WATCH: It was a tough day for employees of CanJet. The struggling Halifax-based airline announced it’s grounding all flights. Ross Lord has the story.
TORONTO — The president of CanJet Airlines and the union representing employees say the company has ceased flight operations effective immediately, just months after the airline underwent significant layoffs.
Stephen Rowe told Global News the airline has suspended flight operations effective immediately, but will continue as a company to manage the four 737 airplanes in their fleet, which will be subsequently dry-leased to other airlines.
“The reason that we suspended flight operations today was really two things; basically operating one aircraft is not a very profitable exercise as you could imagine,” said Rowe.
“And also we as a company — we haven’t had the ability to identify a market opportunity that we can move forward with confidence in obtaining and being successful.”
Lesley Swann, a spokeswoman for CUPE National, said flight attendants were taken completely off guard by the announcement today.
“CUPE Local 4044 and its members are in shock today. They found out only this morning that CanJet has ceased flying operations as of today,” she said.
“We are looking into any legal avenues we may have. Right now, we are focusing on assisting our members any way we can during this difficult time.”
Rowe said the financial risk associated with the airline was “fairly extreme,” but the company will continue to explore other options so that “maybe one day we can get back in the air.”
“We’re just going to take a step back and continue as a group to see if we can come up with a business plan, which like I said we haven’t identified one to date, that we’re comfortable as a company moving towards,” he said.
“So we didn’t see much point in carrying on operating one airplane unprofitably and that was part of the reason why we put it on the ground today.”
The Airline Pilots Association issued a statement in April that said 47 pilots will be let go by the charter airline, saying the union had worked for months with management to mitigate involuntary layoffs.
Meanwhile, the Canadian Union of Public Employees confirmed in April that 38 seasonal and nine permanent flight attendants had also received layoff notices.
Rowe said the move affected about 15 pilots and 40 flight attendants based in Toronto, in addition to support staff at CanJet’s head office in Halifax, N.S.
WATCH: CanJet announced it is laying of most of its staff. The airline has ceased its European operation, saying it’s simply not profitable. Ross Lord has the details.

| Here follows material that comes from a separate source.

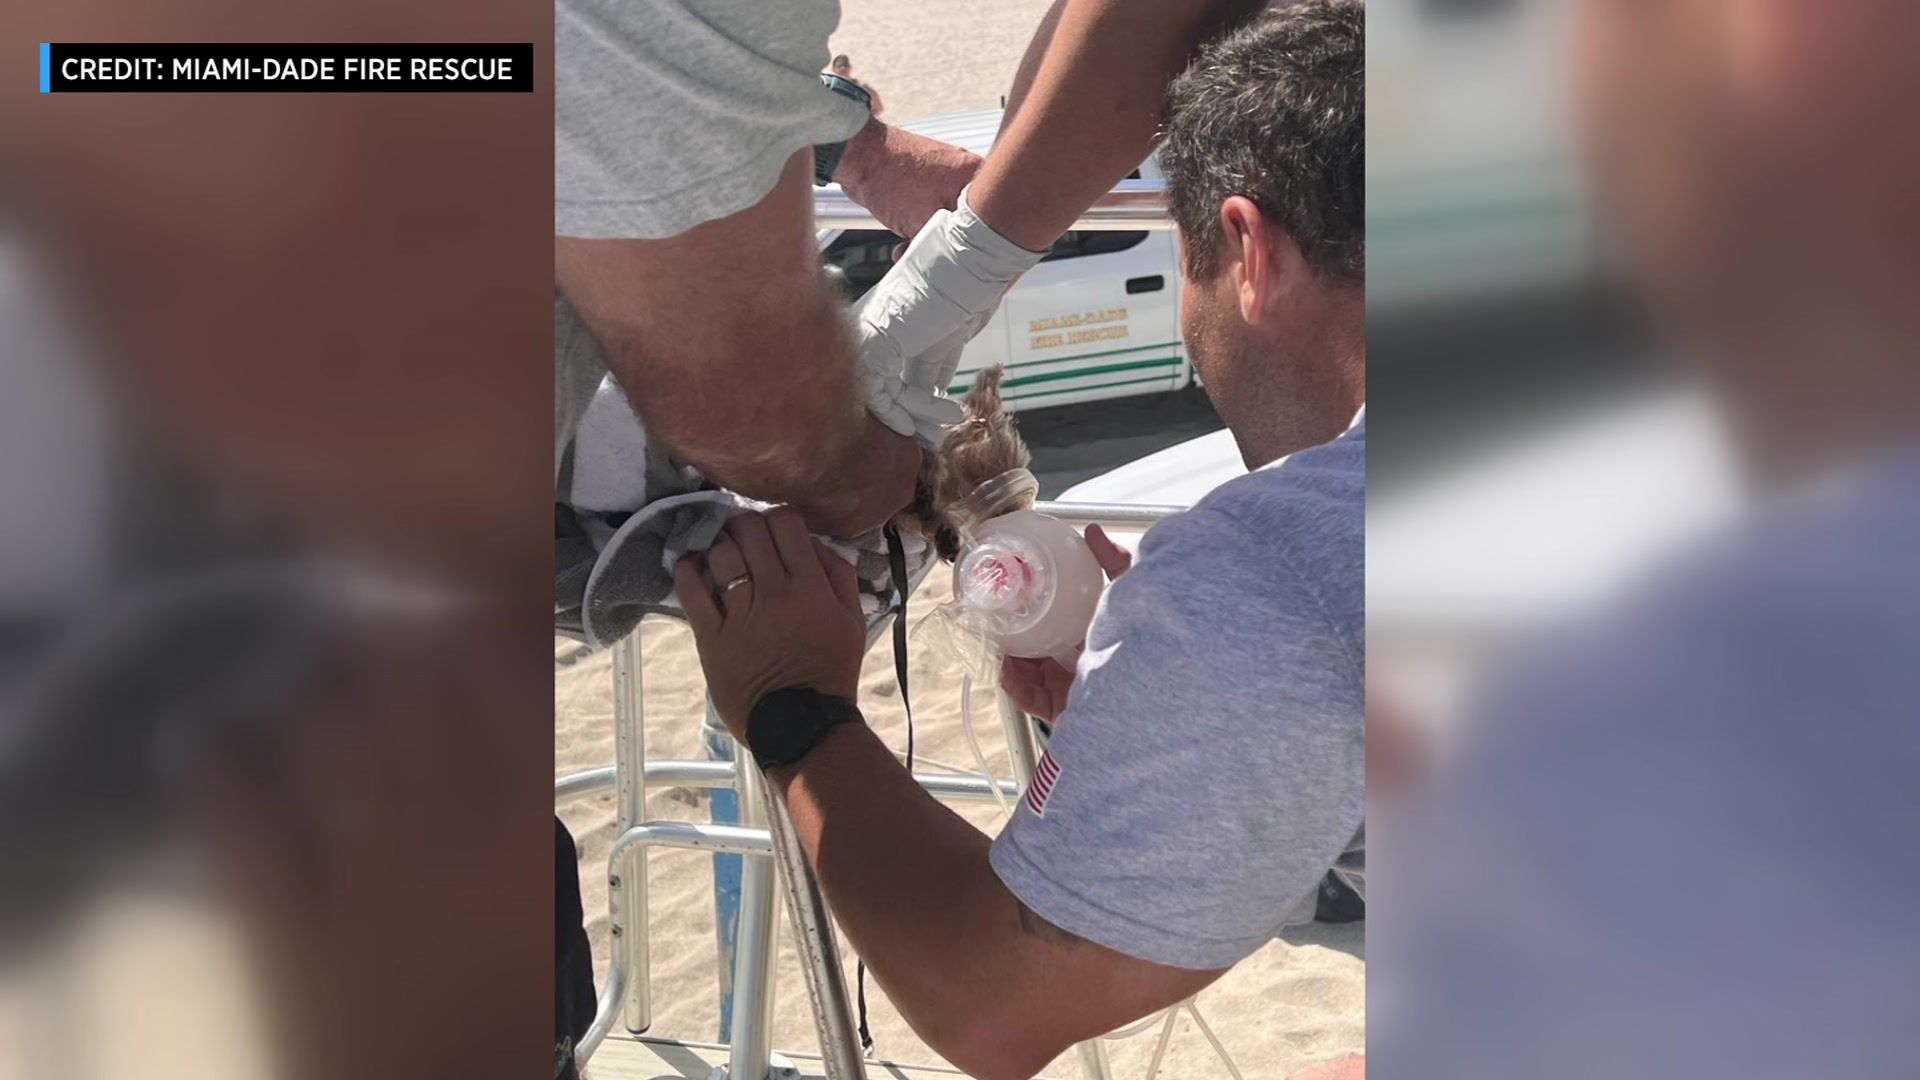 Miami-Dade Fire Rescue Saves Small Dog From Drowning At Haulover Beach
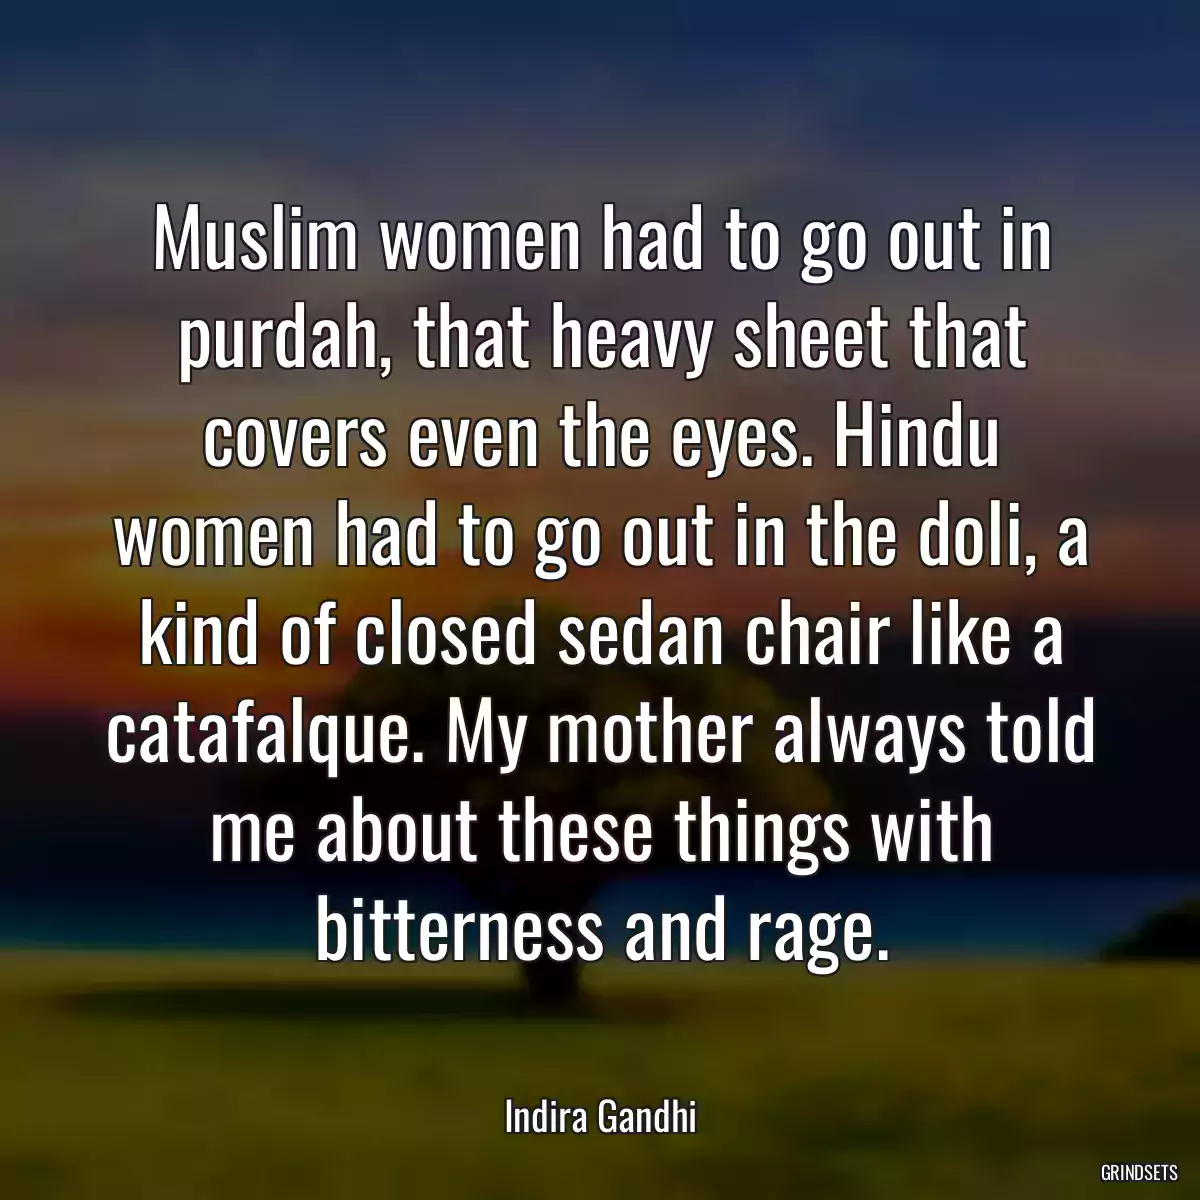 Muslim women had to go out in purdah, that heavy sheet that covers even the eyes. Hindu women had to go out in the doli, a kind of closed sedan chair like a catafalque. My mother always told me about these things with bitterness and rage.

“It’s a sad day for the company, we’ve been operating aircrafts for 20 years and hopefully maybe one day we will find that business plan that we can get back operating again,” Rowe said, adding that the airline will maintain its leased airplanes until they are due back to their owners in May 2016.
“Maybe between now and then we will find that opportunity that we’re confident we can move forward and be successful at.”
Rowe added that the current aircraft CanJet operates for Air Transat under an ACMI wet lease will be transferred to Air Transat’s fleet of 737 aircrafts.